Shared Primary key versus Foreign Key

I have a laboratory analysis database and I'm working on the bast data layout. I've seen some suggestions based on similar requirements for using a "Shared Primary Key", but I don't see the advantages over just foreign keys. I'm using PostgreSQL:tables listed below
Sample
___________
sample_id (PK)
sample_type (where in the process the sample came from)
sample_timestamp (when was the sample taken)
Analysis
___________
analysis_id (PK)
sample_id (FK references sample)
method (what analytical method was performed)
analysis_timestamp (when did the analysis take place)
analysis_notes
gc
____________
analysis_id (shared Primary key)
gc_concentration_meoh (methanol concentration)
gc_concentration_benzene (benzene concentration)
spectrophotometer
_____________
analysis_id
spectro_nm (wavelength used)
spectro_abs (absorbance measured)
I could use this design, or I could move the fields from the analysis table into both the gc and spectrophotometer tables, and just use foreign keys between sample, gc, and spectrophotometer tables. The only advantage I see of this design is in cases where I would just want information on how many or what types of analyses were performed, without having to join in the actual results. However, the additional rules to ensure referential integrity between the shared primary keys, and managing extra joins and triggers (on delete cascade, etc) appears to make it more of a headache than the minor advantages.

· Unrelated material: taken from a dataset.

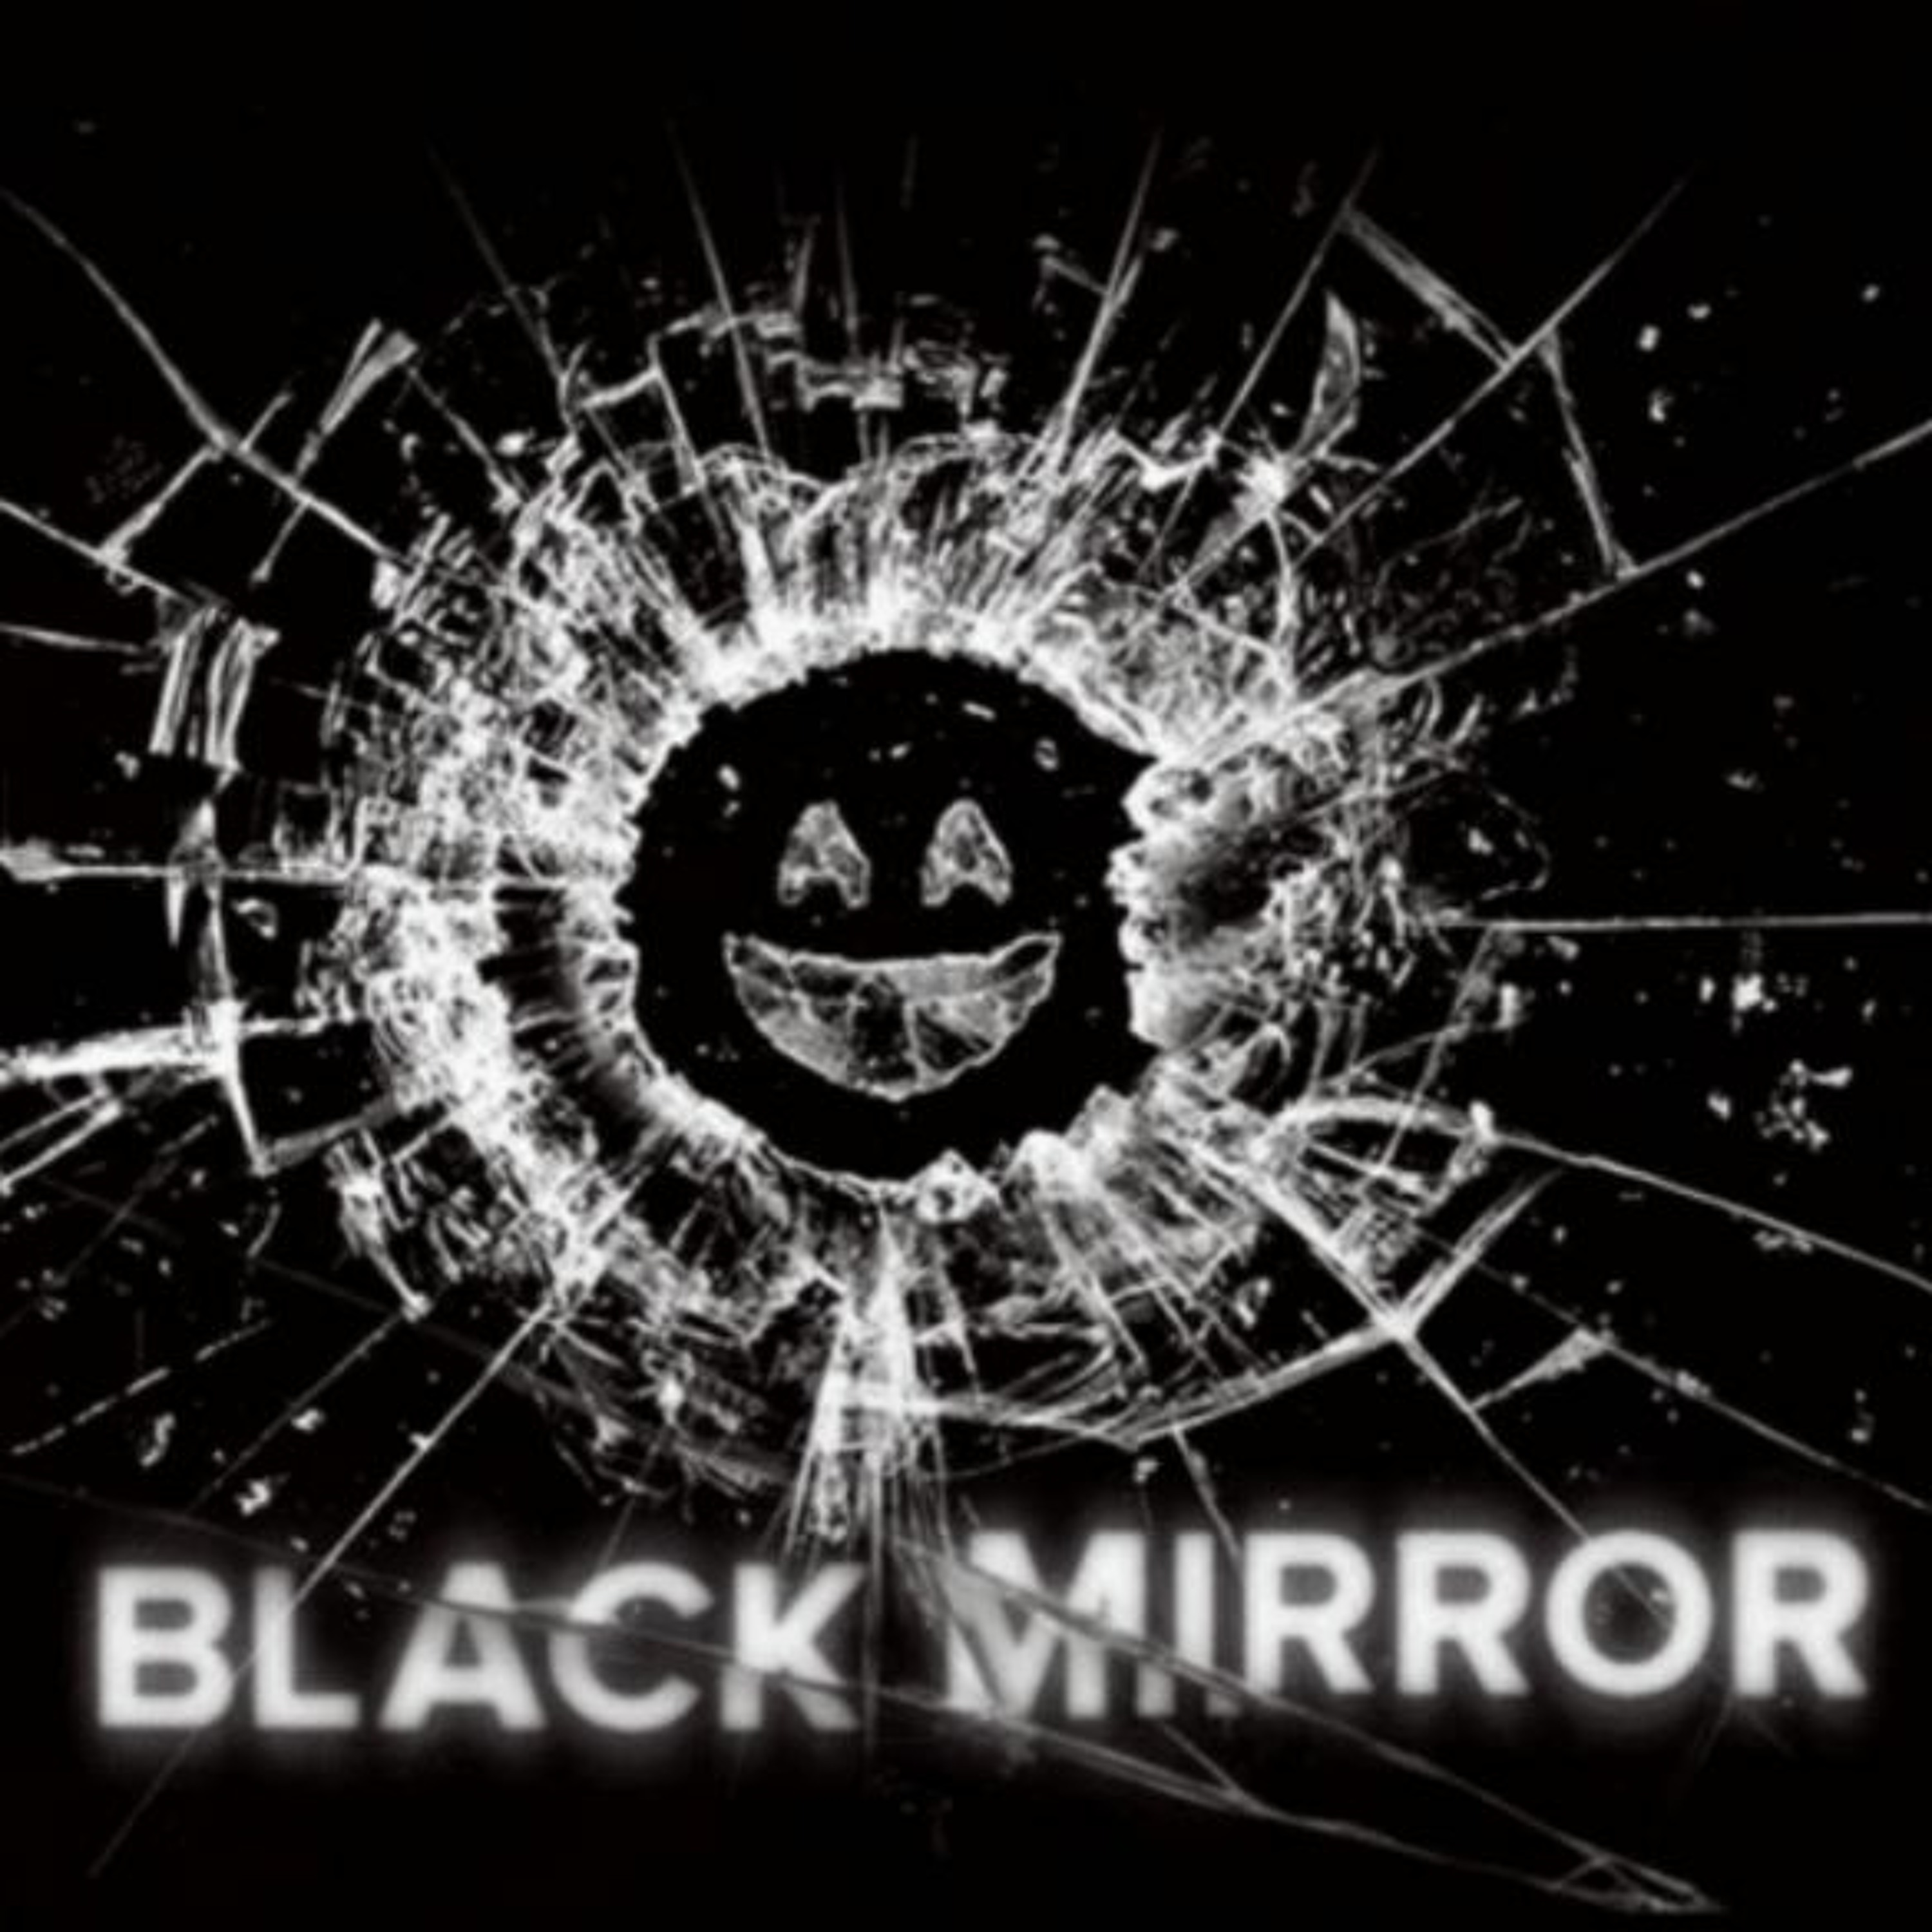 Emmys & Black Mirror Season 5 Recap!
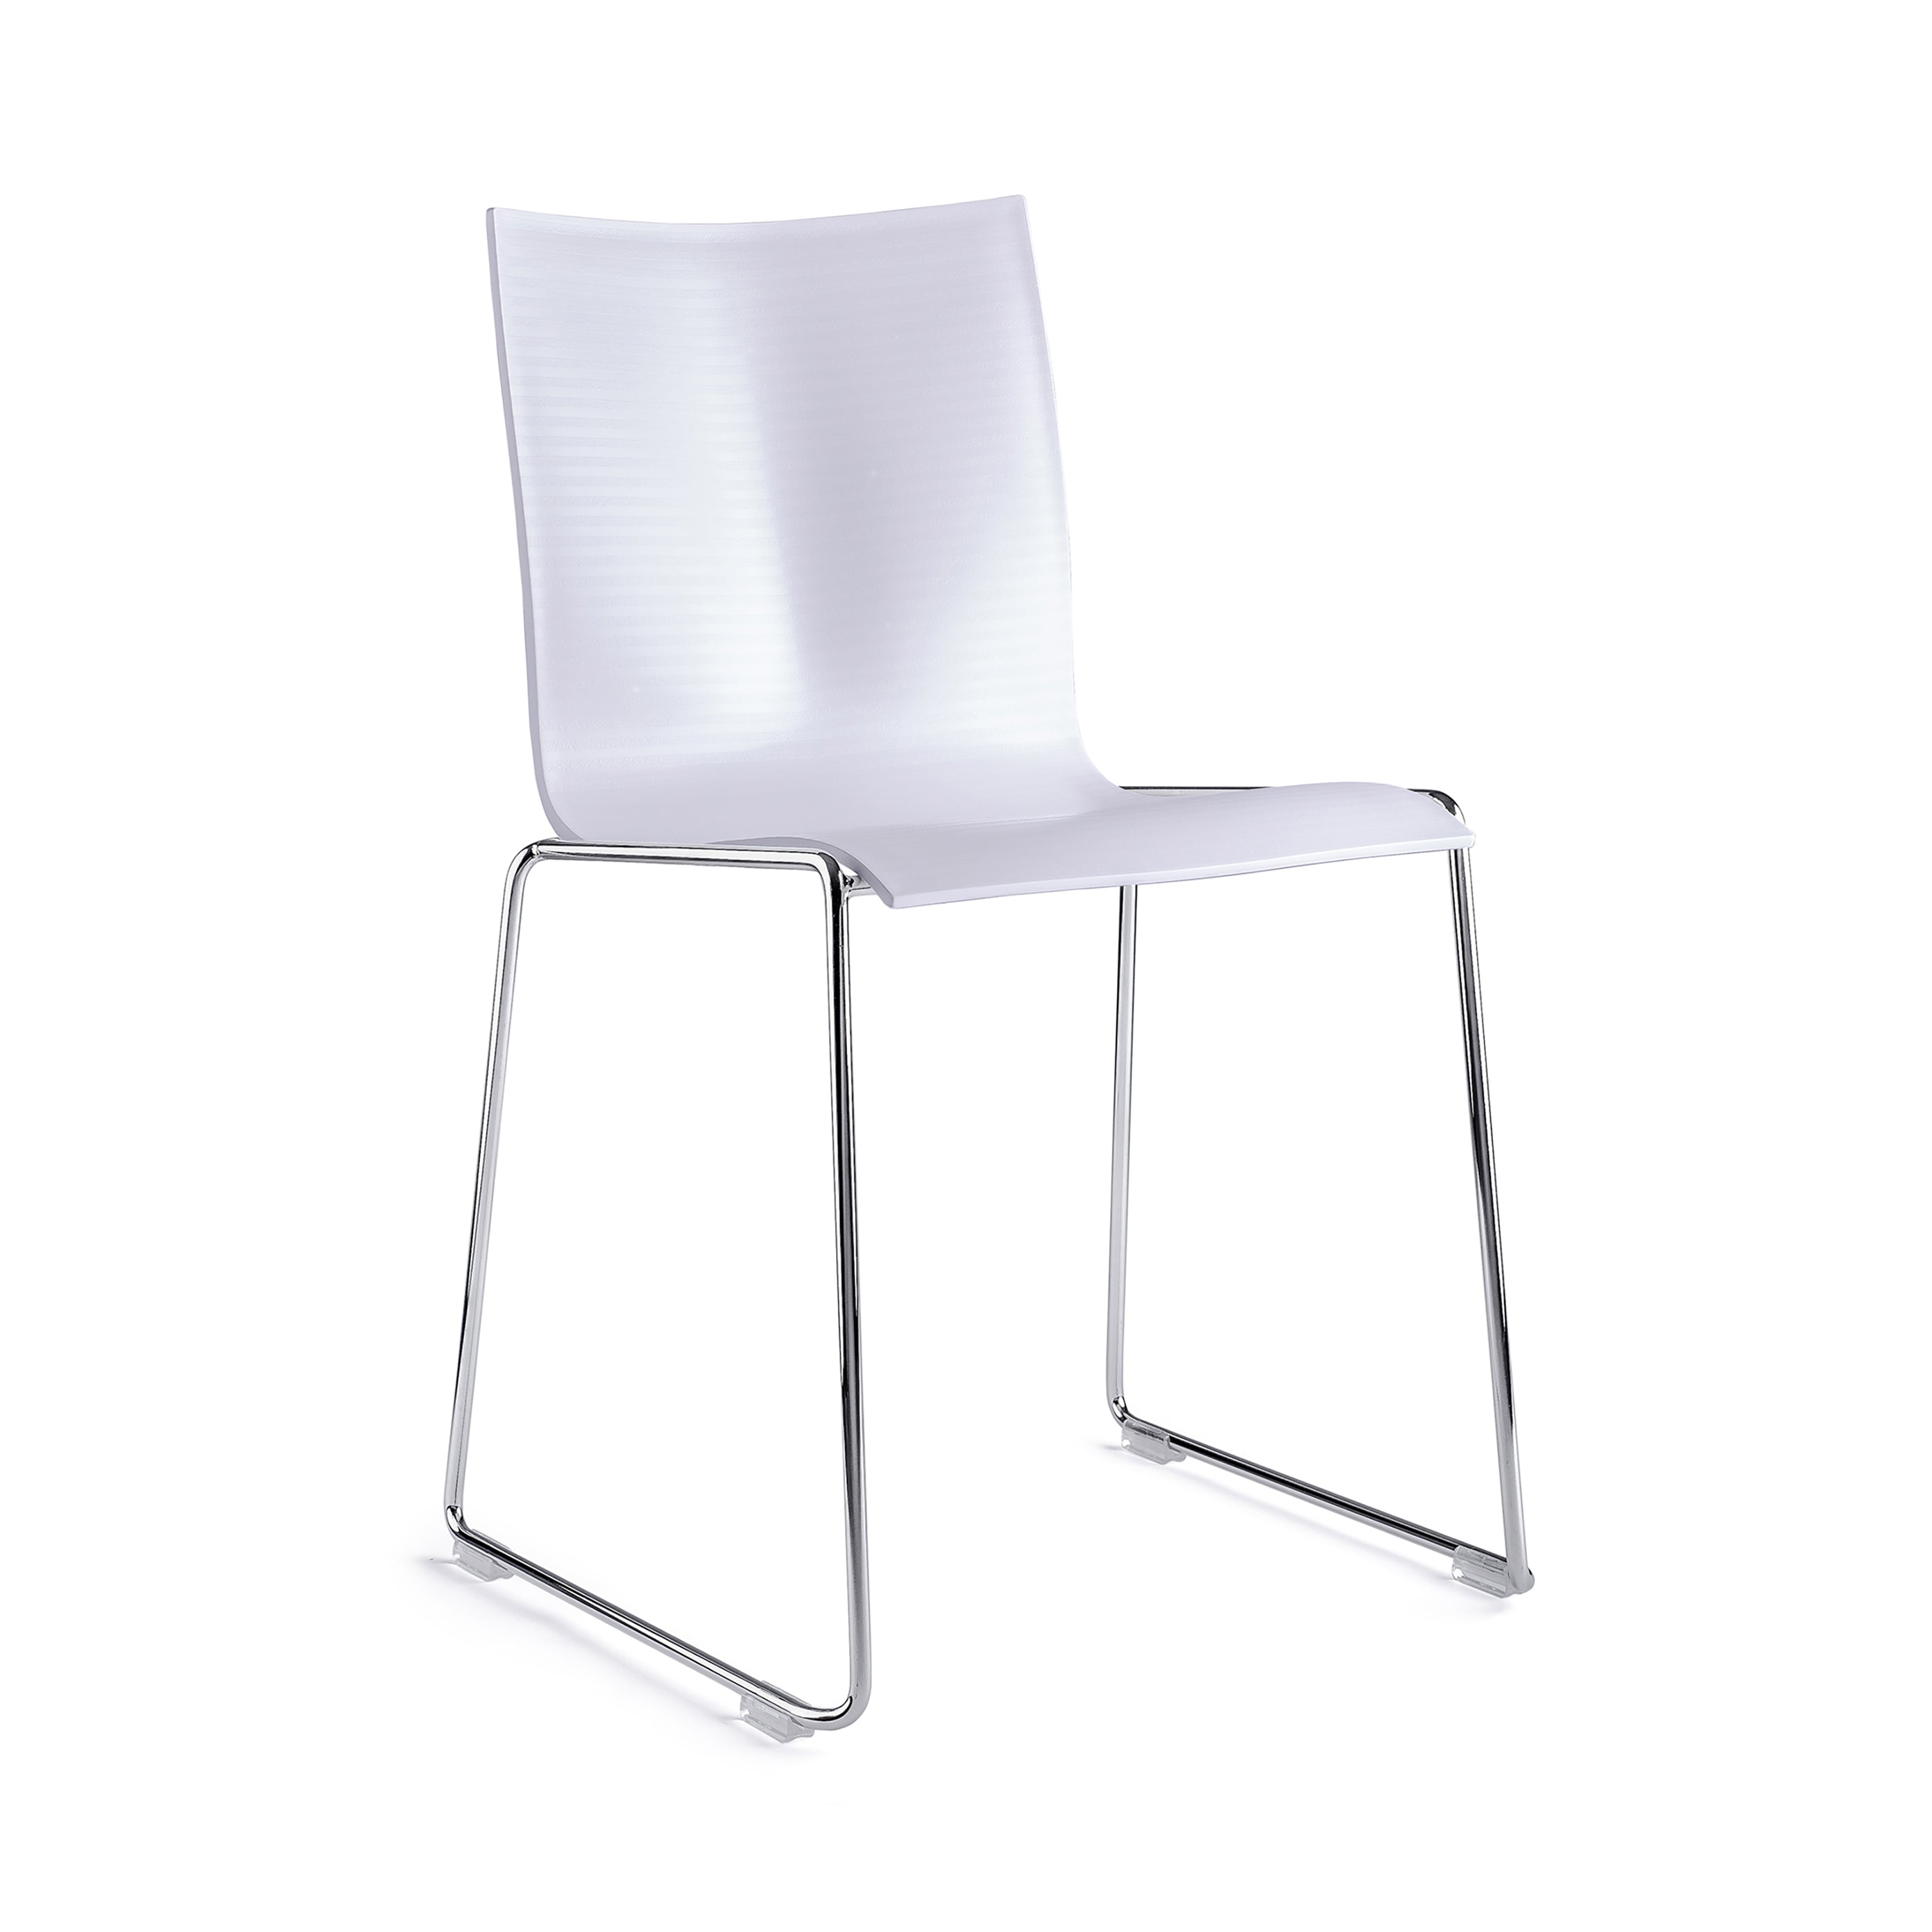 Chairik 107 Chair: Sled Base + Plastic + White + Polished Chrome

I'm not a DBA, but a scientist, so please let me know what I'm missing.
UPDATE:
A shared primary key (as I understand it) is like a one-to-one foreign key with the additional constraint that each value in the parent tables(analysis) must appear in one of the child tables once, and no more than once.
I've seen some suggestions based on similar requirements for using a
"Shared Primary Key", but I don't see the advantages over just foreign
keys.
If I've understood your comments above, the advantage is that only the first implements the requirement that each row in the parent match a row in one child, and only in one child. Here's one way to do that.
create table analytical_methods (
method_id integer primary key,
method_name varchar(25) not null unique
);
insert into analytical_methods values
(1, 'gc'),(2, 'spec'), (3, 'Atomic Absorption'), (4, 'pH probe');
create table analysis (
analysis_id integer primary key,
sample_id integer not null, --references samples, not shown
method_id integer not null references analytical_methods (method_id),
analysis_timestamp timestamp not null,
analysis_notes varchar(255),
-- This unique constraint lets the pair of columns be the target of
-- foreign key constraints from other tables.
unique (analysis_id, method_id)
);
-- The combination of a) the default value and the check() constraint on
-- method_id, and b) the foreign key constraint on the paired columns
-- analysis_id and method_id guarantee that rows in this table match a
-- gc row in the analysis table.
--
-- If all the child tables have similar constraints, a row in analysis
-- can match a row in one and only one child table.
create table gc (
analysis_id integer primary key,
method_id integer not null
default 1
check (method_id = 1),
foreign key (analysis_id, method_id)
references analysis (analysis_id, method_id),
gc_concentration_meoh integer not null,
gc_concentration_benzene integer not null
);
It looks like in my case this supertype/subtype model in not the best choice. Instead, I should move the fields from the analysis table into all the child tables, and make a series of simple foreign key relationships. The advantage of the supertype/subtype model is when using the primary key of the supertype as a foreign key in another table. Since I am not doing this, the extra layer of complexity will not add anything.